People say it’s getting better. I can’t check on this because, after letting me in once for a look round, it now says I’m not in the USA and refuses to even let me press my nose against the window. (Maybe I’ve been specifically , personally IP-banned for writing unimpressed things about it)

So let’s see: severe lack of interesting music. Near-CD prices for probably inferior to CD sound quality. CD prices for stuff I’m interested in, especially classical, are in free-fall. So I really can’t see what good iTMS going to be to me except for the odd one-hit wonder where I’m not interested in shelling out for a whole CD. And then, only if they actually have the one-hit wonders I want. And if they start selling them in Europe some time this decade. But then I’m not the target demographic anyway.

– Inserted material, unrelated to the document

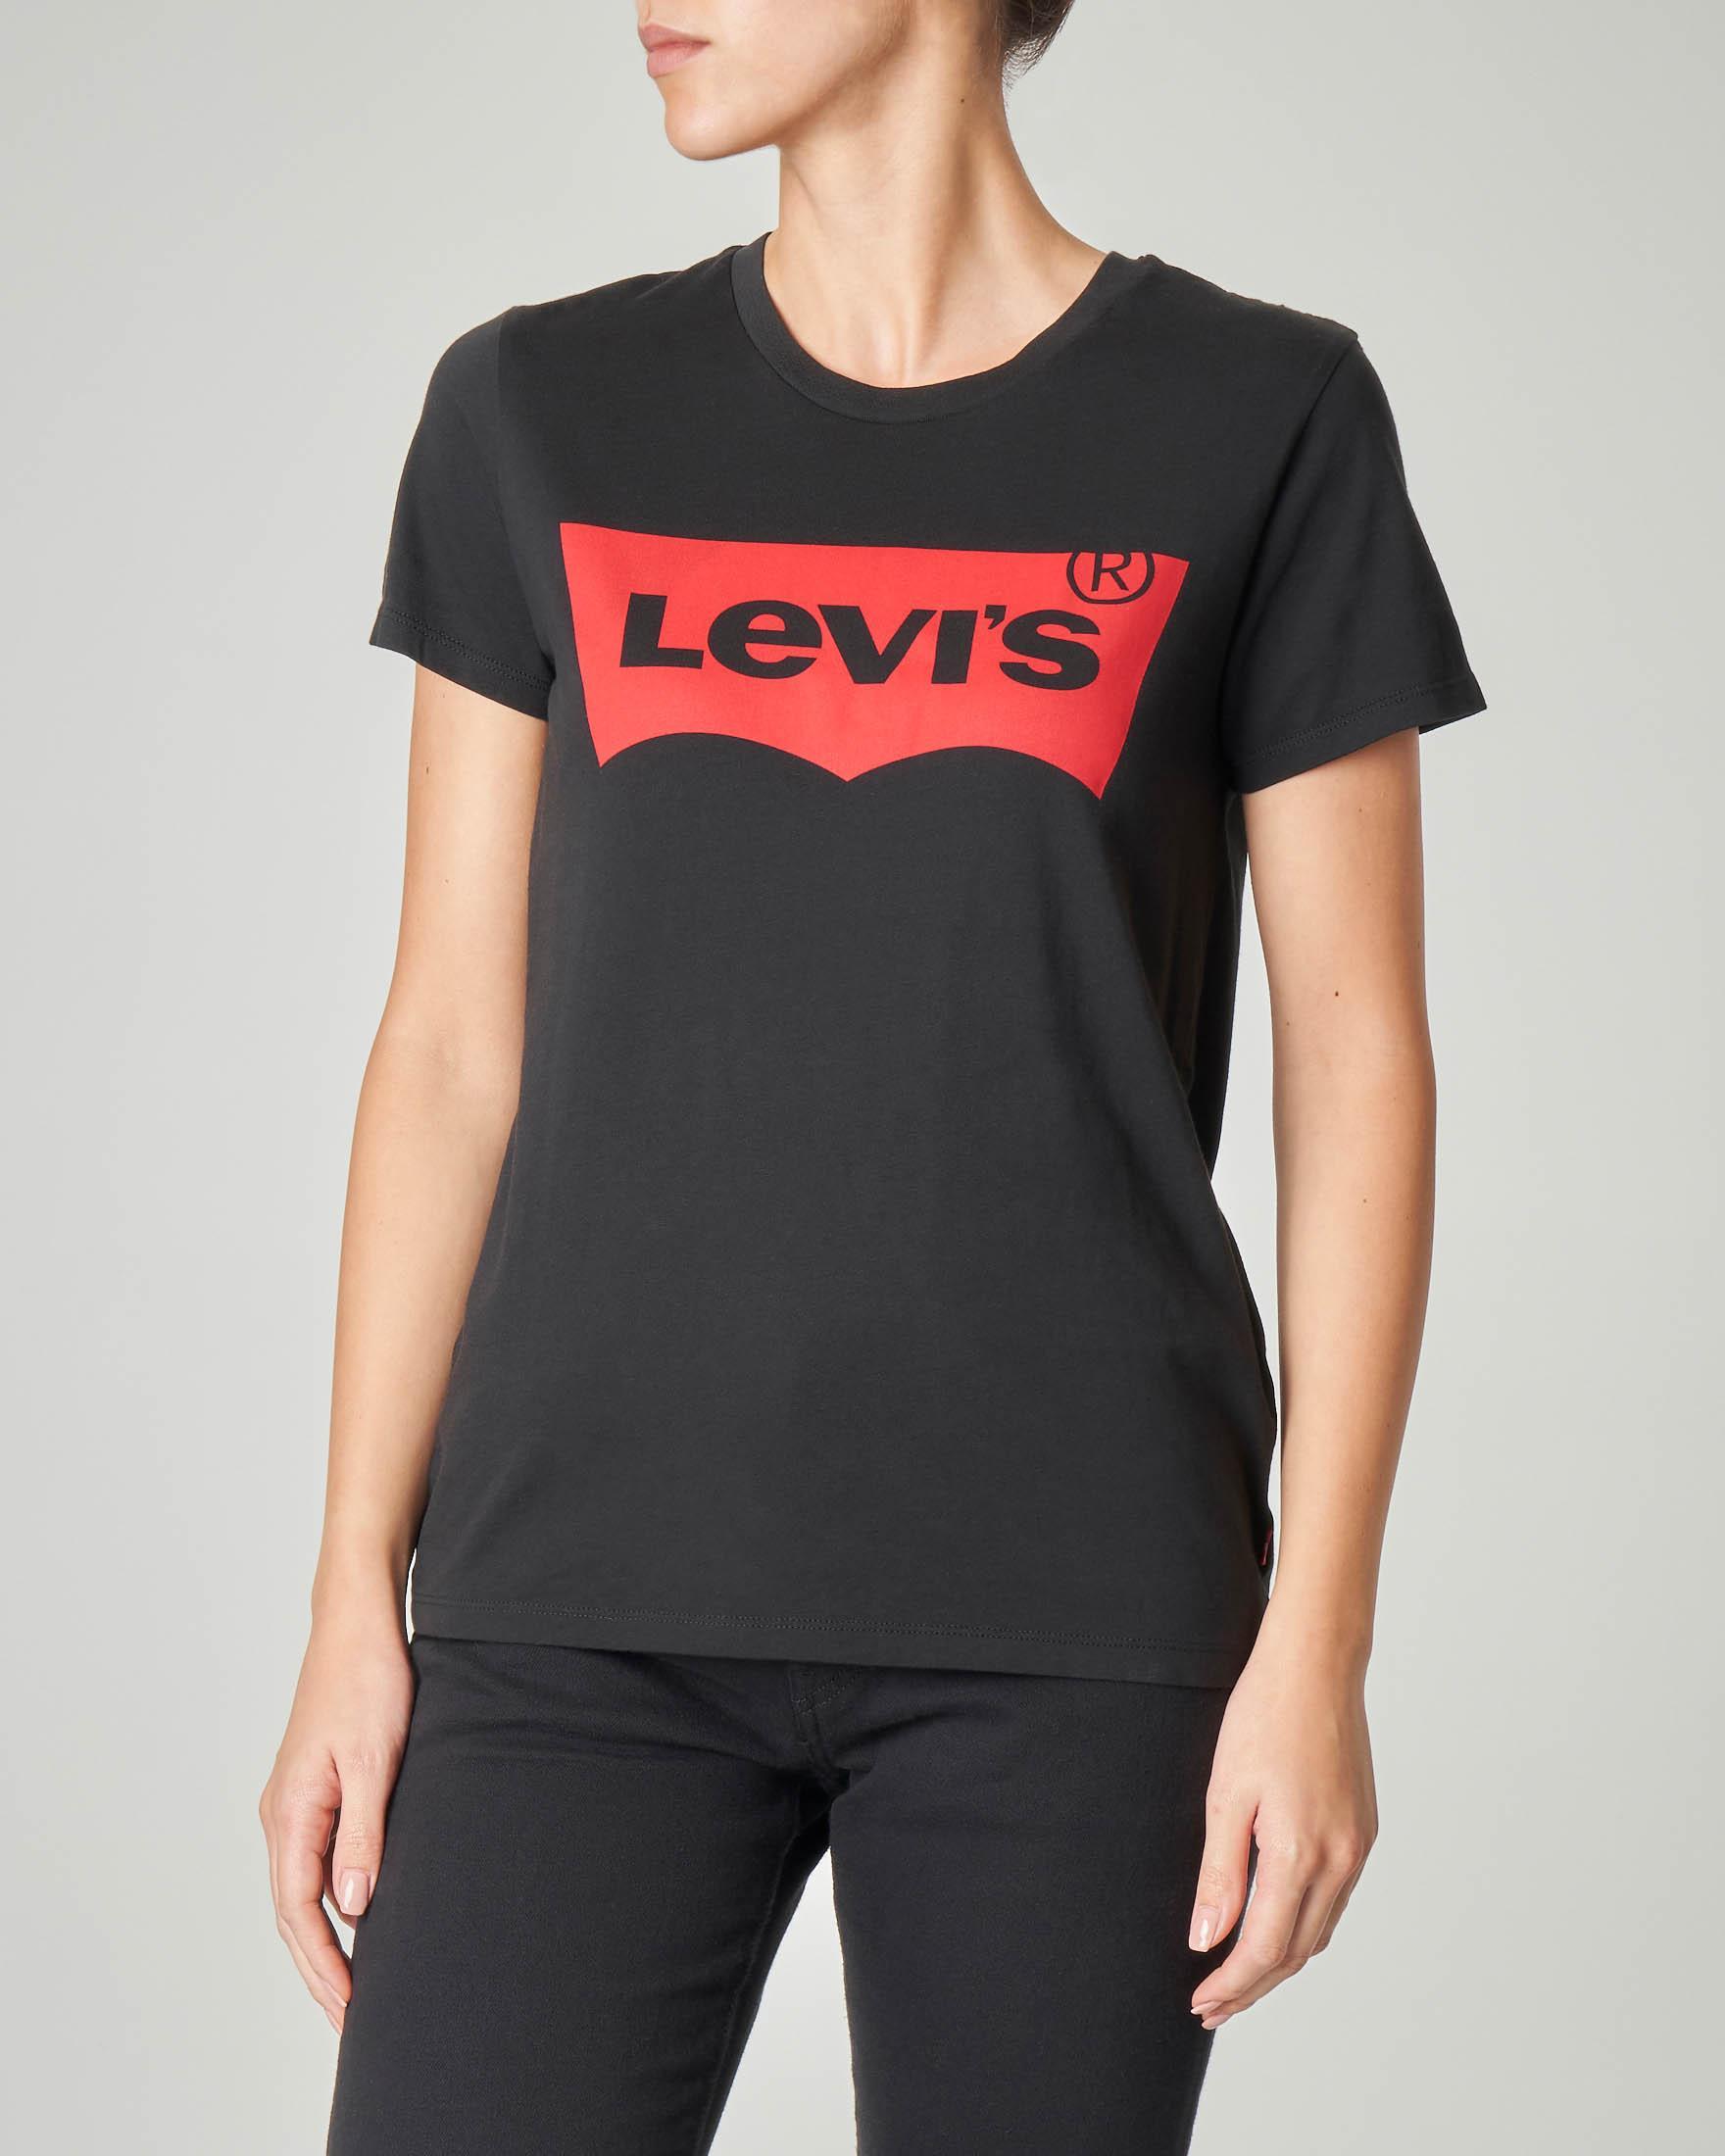 T-shirt in cotone nera con batwing rosso stampato

related entries: Music Mac

confusing style sheets

20th October 2003 permanent link

These days I’m trying to produce everything new for alanlittle.org in standards-compliant xhtml and css, and maybe even gradually migrate some of the older bits. When it works it's nice, such as the recent changes in the layout of the weblog - mostly done by editing one stylesheet, plus a few tweaks to the xhtml templates that I use to generate the site. No touching of content files required. Some days it even passes validation.

Valid XHTML 1.0!

At the moment, though, I’m trying make what should be some simple layout changes to a photo gallery page, and (re)discovering that trying to get css to do what you want it to when it's not in a co-operative mood is a bizarre nightmare that, to quote the mighty Lileks, “makes you feel as though you're playing chess in the dark with oven mitts”. The temptation to just stick everything in tables and damn the future is overwhelming.

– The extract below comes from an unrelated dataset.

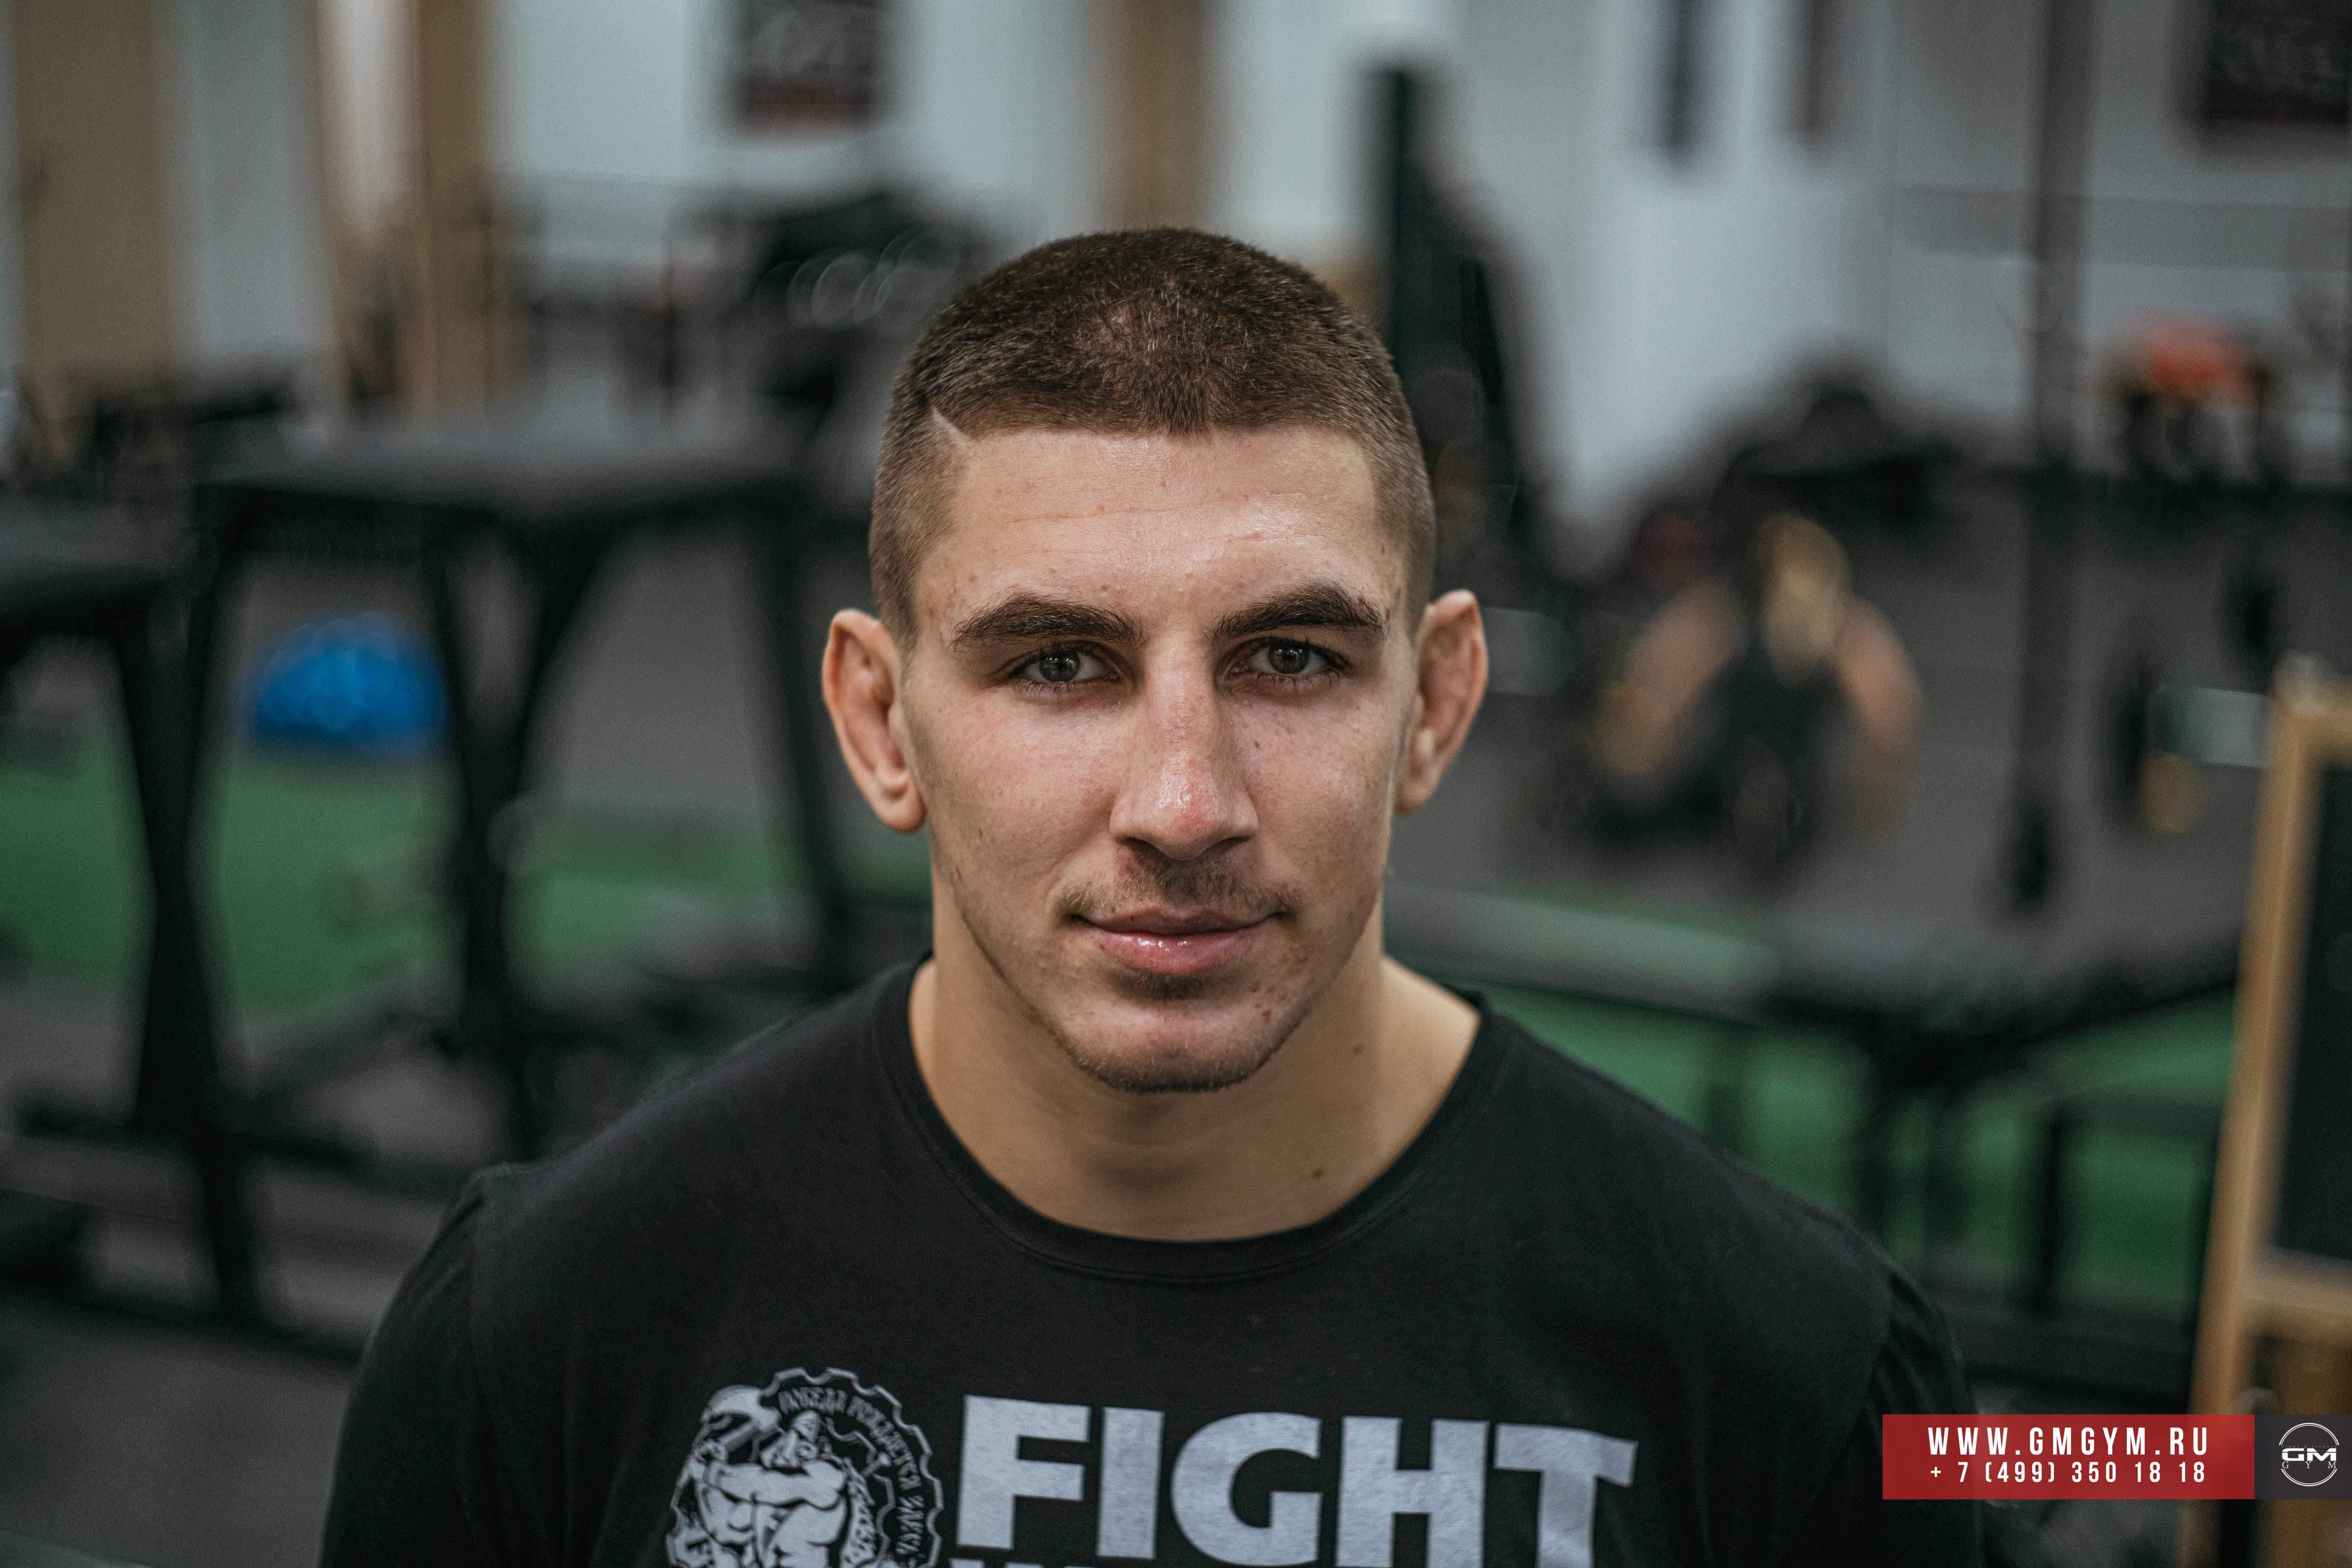 Виталий Слипенко тренер по ММА 3

the day i sold guitar strings to the clash

16th October 2003 permanent link

I was thinking the other day about job insecurity in the software industry (and every other industry), and drifted from there onto reminiscing about other jobs I did before I was in software - mostly part time things when I was a student.

I was a Christmas postman several times, and in the summers I mostly did warehouse jobs. Warehouse work was good because it was physically hard and generally only came a few days at a time. I was big into rock climbing in those days, so having plenty of time to go climbing between spells of getting paid to do weight training was great.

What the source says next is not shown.